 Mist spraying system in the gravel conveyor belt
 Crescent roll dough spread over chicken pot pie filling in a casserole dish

◇ ◇ ◇ ◇ ◇

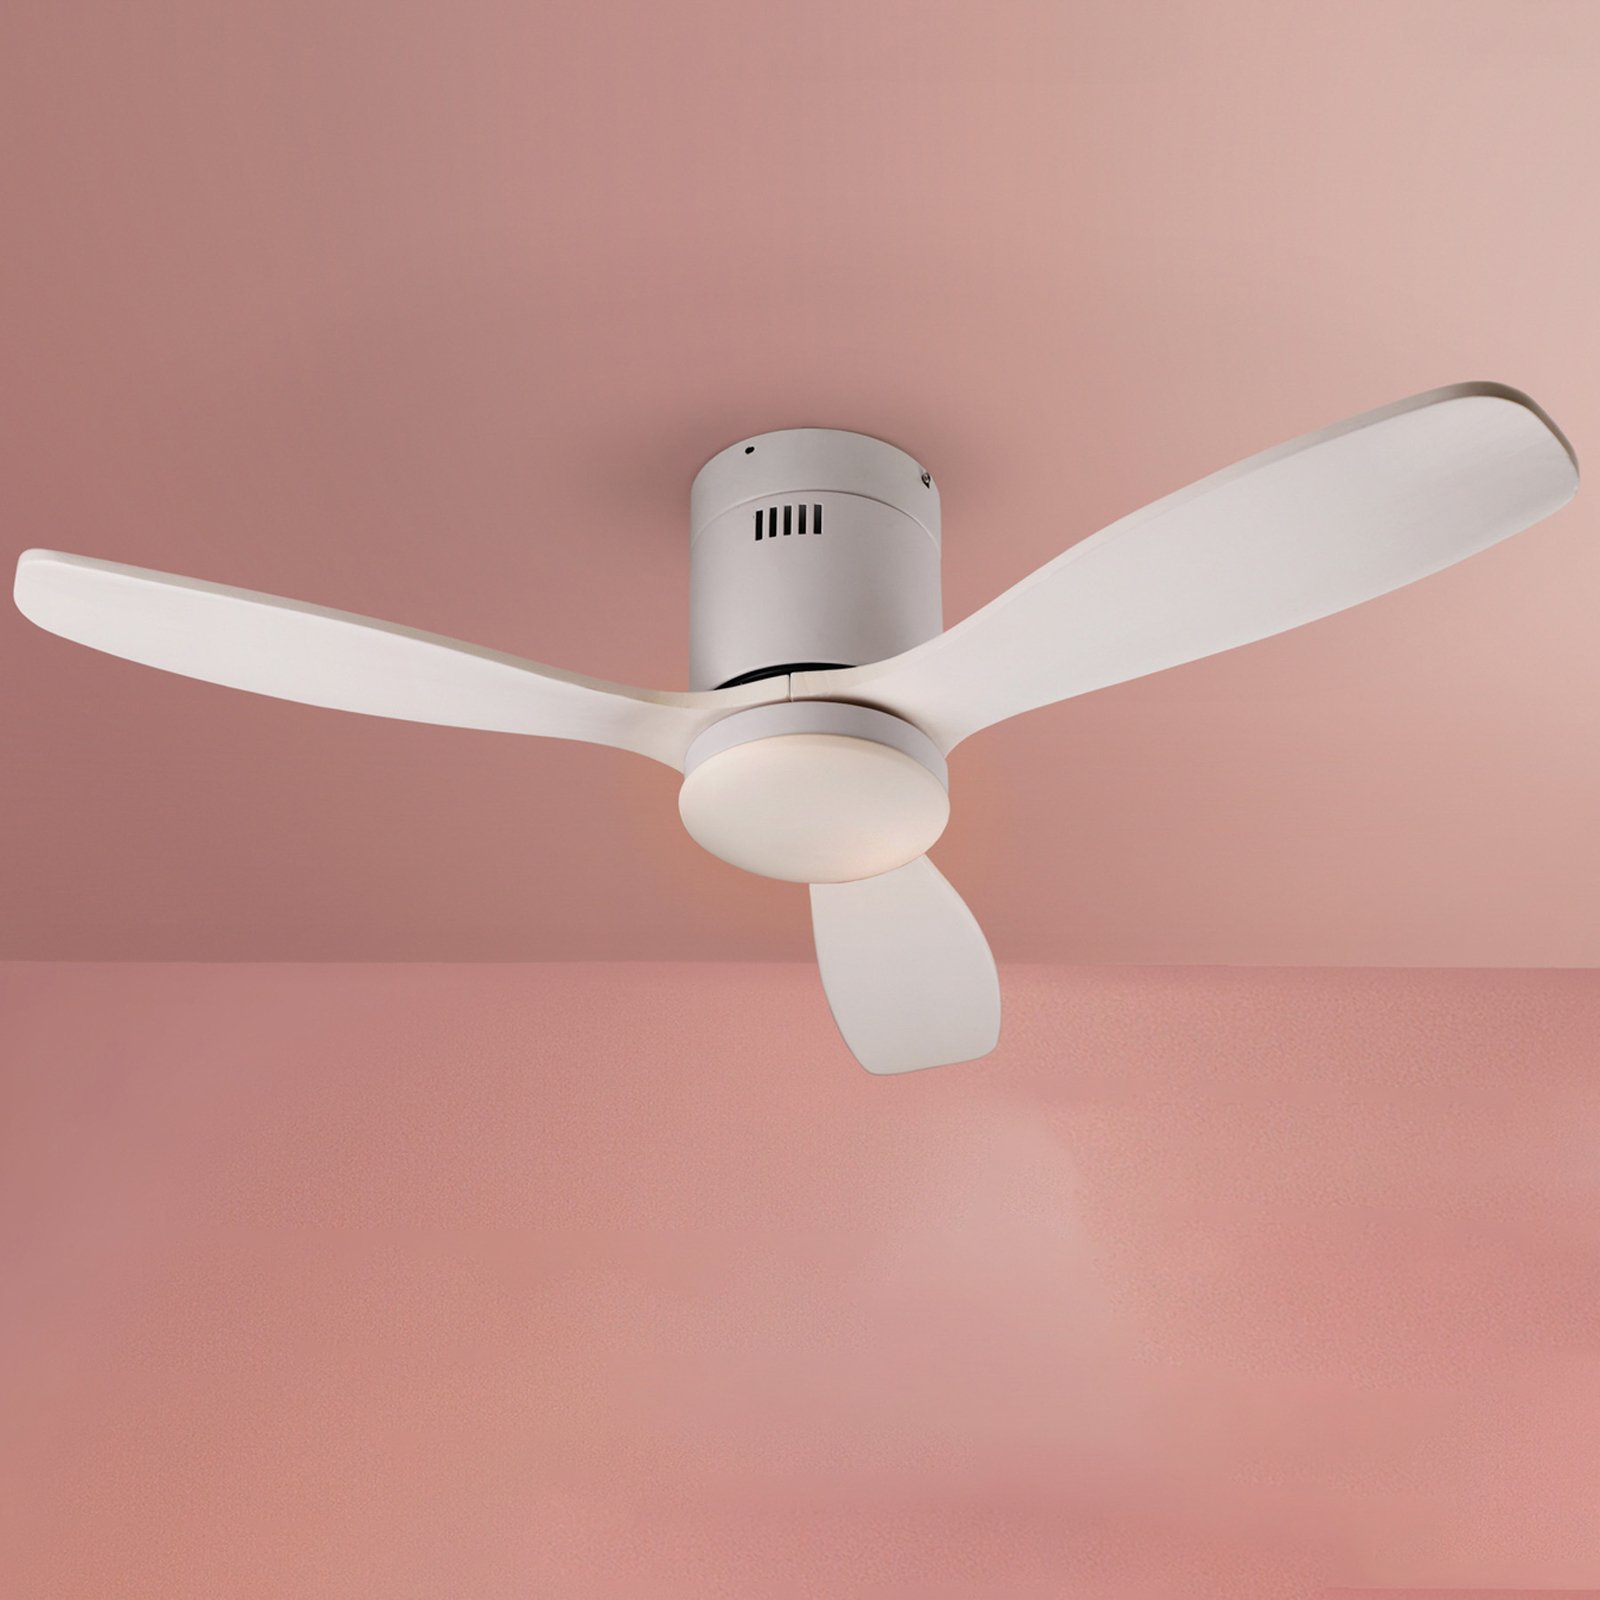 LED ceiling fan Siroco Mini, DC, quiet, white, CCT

◇ ◇ ◇ ◇ ◇

Brief: Which lines above run from the one containing "Mist spraying system" to the one containing "Crescent roll dough"? Give them again exactly, both ends included.

Solution:
 Mist spraying system in the gravel conveyor belt
 Crescent roll dough spread over chicken pot pie filling in a casserole dish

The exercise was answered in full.